İnsan önce zamana yenilir, sonra kendisine, sonra “an” ın büyüsü içinde kaybolup gider. Heybesine aldığı hatıralarla konuşmaya başlar, eski’nin buğulu aynalarında siluetini arar, durur. Gülümsemeler kederin kıyısına vurur, keder daha dingin bir denize akar.
Geçmiş, “geçmez” aslında. Bir yerlerde, hafızamızda asılı kalır. Sıklıkla günümüze damlar ve bizi bizden alıkoyar. Gülümsemelerimizi kanatır, avuçlarımızda terler, gözlerimize bir bulut çizer.

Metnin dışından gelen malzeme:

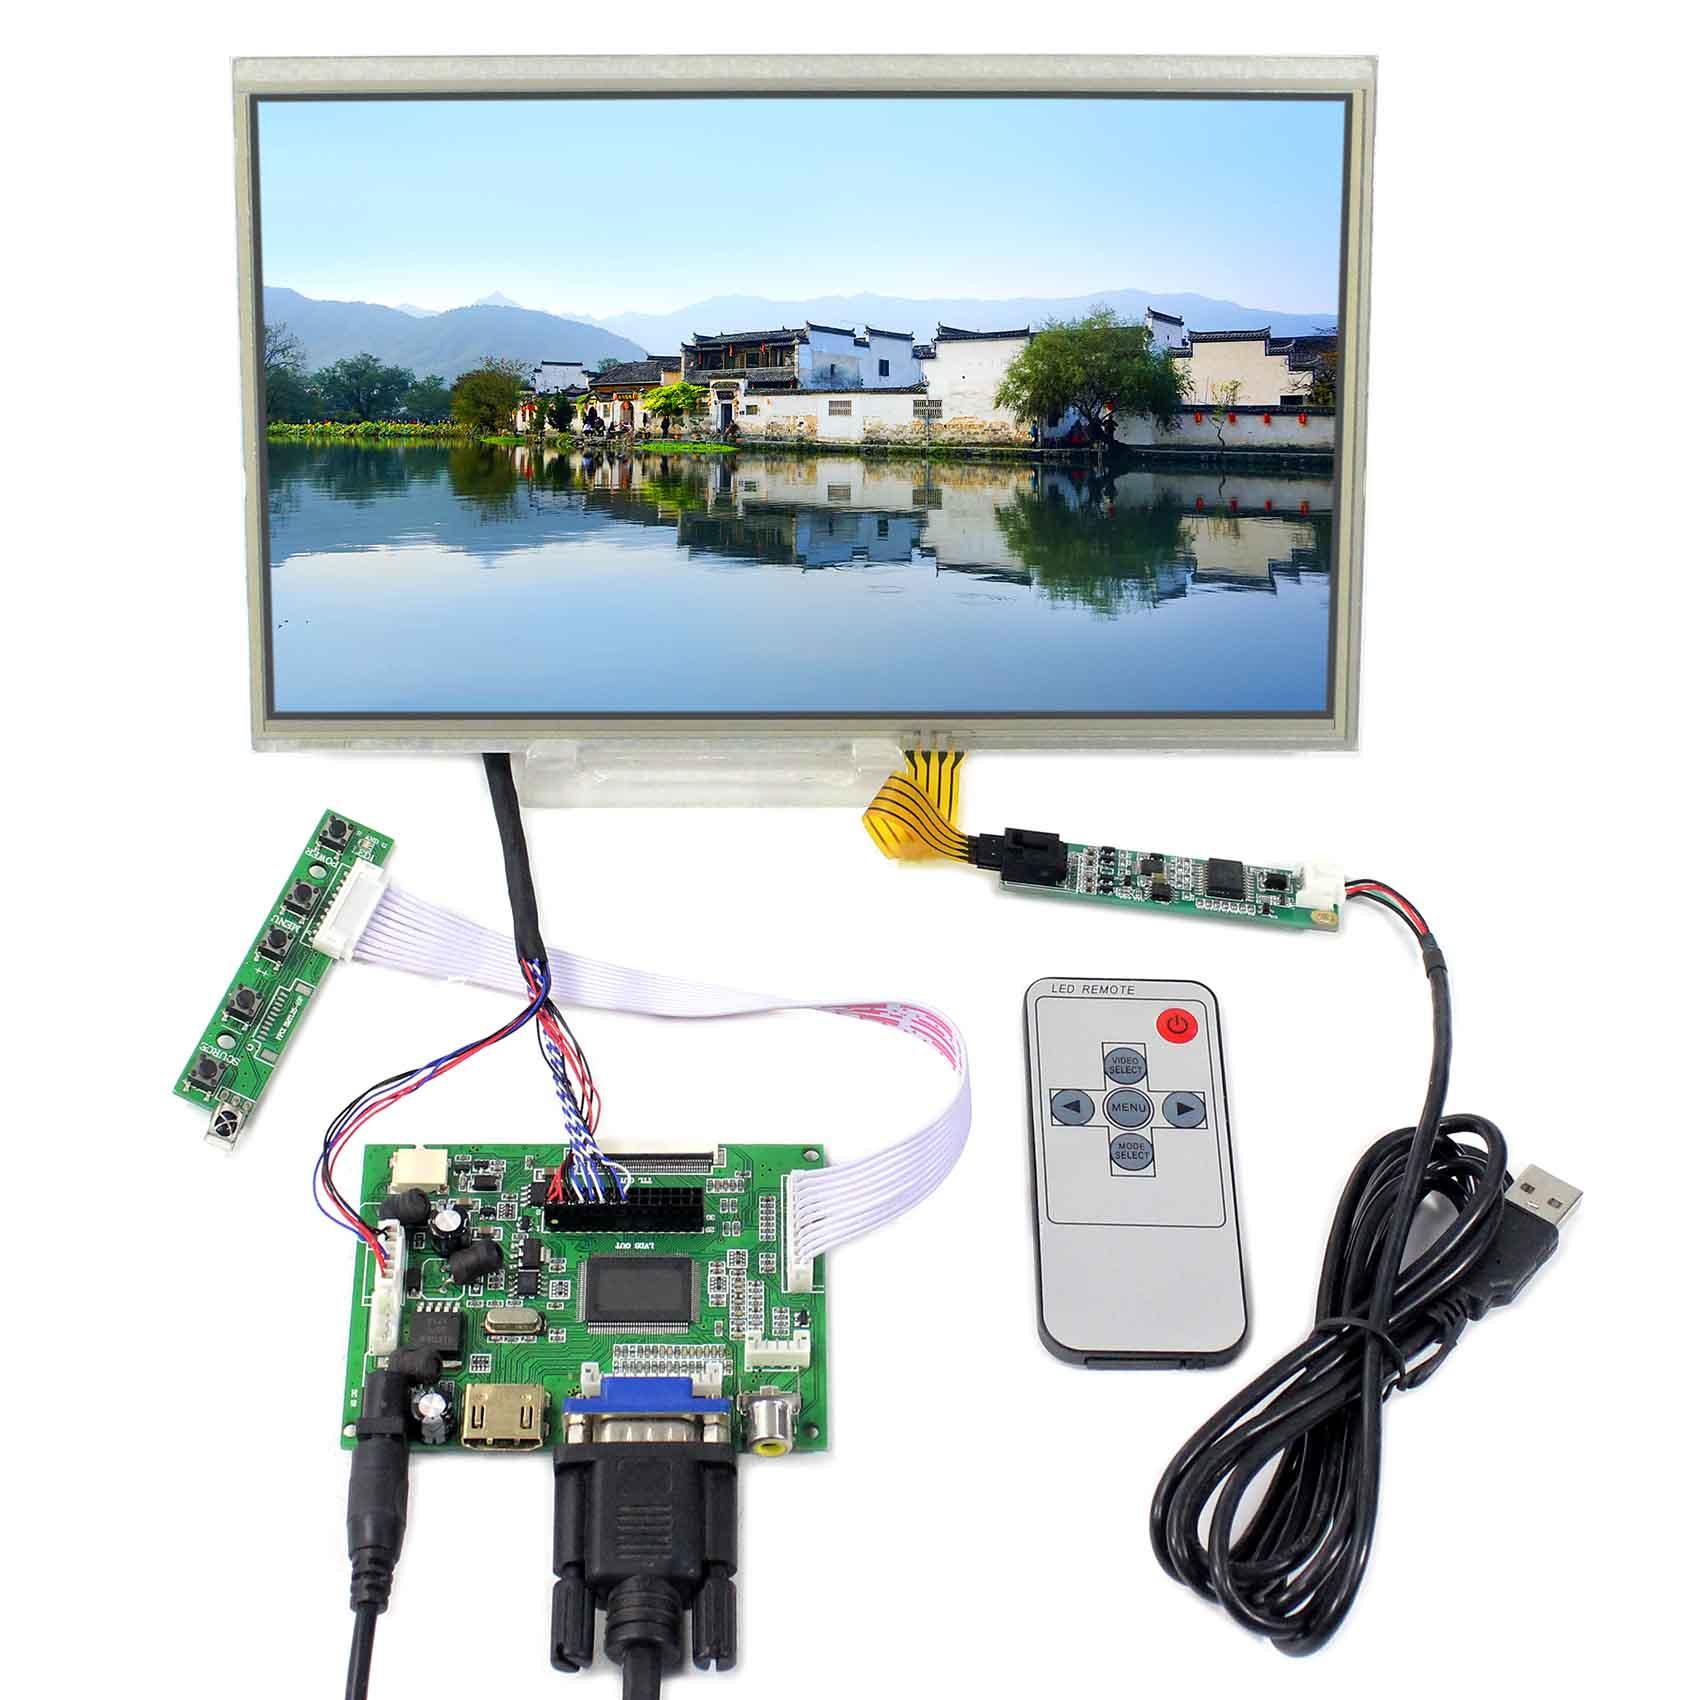 10.1 Tocuh LCD ekran 1024x600 LTN101NT02 B101AW03 N101L6 HDMI DVI VGA LCD Kurulu 10.1 LCD Ekran10.1 Tocuh LCD ekran 1024x600 LTN101NT02 B101AW03 N101L6 HDMI DVI VGA LCD Kurulu 10.1 LCD Ekran
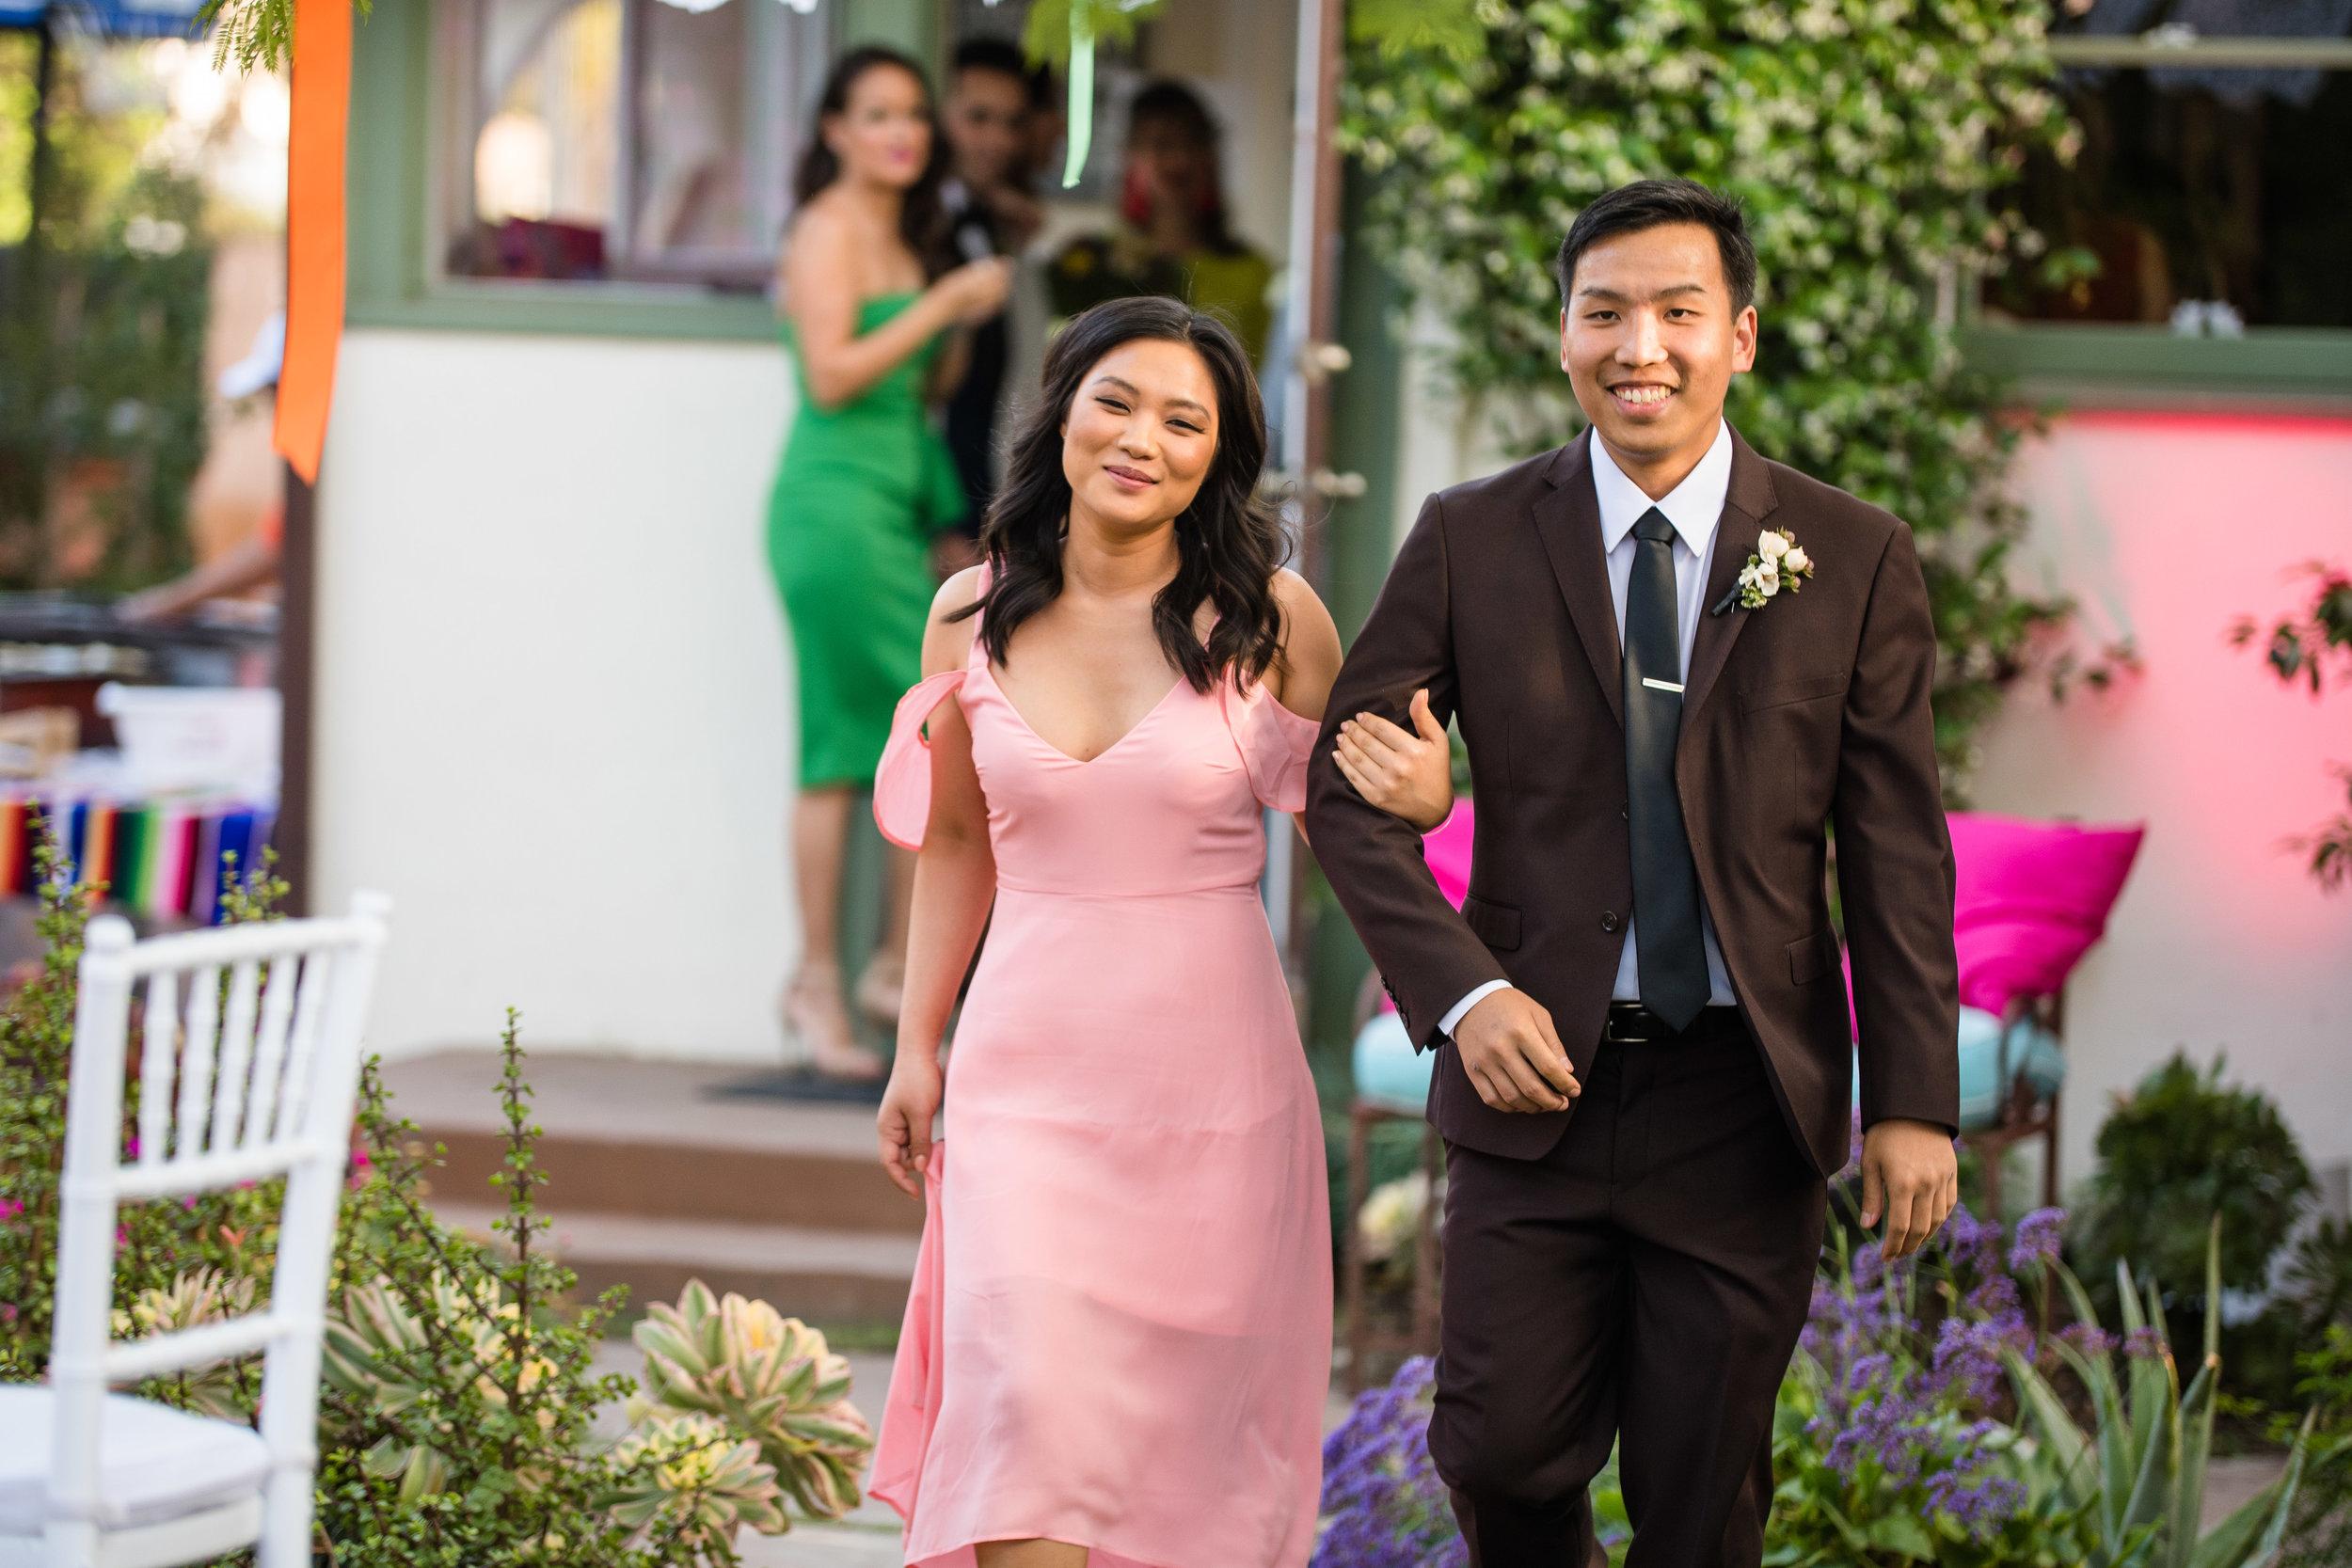 Vibrant Fiesta Backyard Wedding Reception bridesmaid in pink.jpg

Arkası yağmur, arkası kederli bir ezgi, arkası hüzün makamı, arkası belki de dudaklarımıza konan birkaç dize…
Öyle ya…
“Yorgun ezgiler gezinir ufkumda,
Zaman akort eder her şeyi; kederi, sevinci ve aşksız kalan hatıraları
Kehribar bir tespihe dizilir sabır; erken ve bir o kadar masum
Hayatla aramızda bir kayık sallanır durur, sallanır durur…
Bir resim dokur gökyüzü, kendimizi çizeriz, sözlerimizi çivileriz zaman denen atlasa.
Haydi, ufkumuza gidelim, haydi açalım o yalnızlıklar bohçasını,
Hangi gelin anlatır bizi, hangi ezgi yolumuza yürür?...”
Yaralar da geçmez, acılar da. Ama arabesk bir iklimin kucağında değil, acının kendini tedavi ettiği bir zamanın gülümsemelerinde belki. “İflah olmaz bir iyimser ”den, bir tutkudan bazen esrik sözler dökülebilir. Bir “İncir Ağacı” nın dallarına bağlarız en revan atları, uslanmaz kısrakları… Dileklerimizi sonra, gülüşlerimizi ve hüzünlerimizi bağlarız.
Belki zamanı harmanlamak gerekir, sesleri ve sözleri zamana yaymak gerekir. Toplarsanız mevsimleri, bir yıldan fazlasını bulursunuz. Aşk, mevsimlere bölünür sonra; yağmurlar, bulutlar, rüzgârlar söyler bize bizi. Kırılsa da dize, yarım uyak bizi söylesin diye duruyoruz. Olsun, zamana yenilsek de hüznün yarım kalmış duvağına takılan o çiçek bizim bahçeden olsun.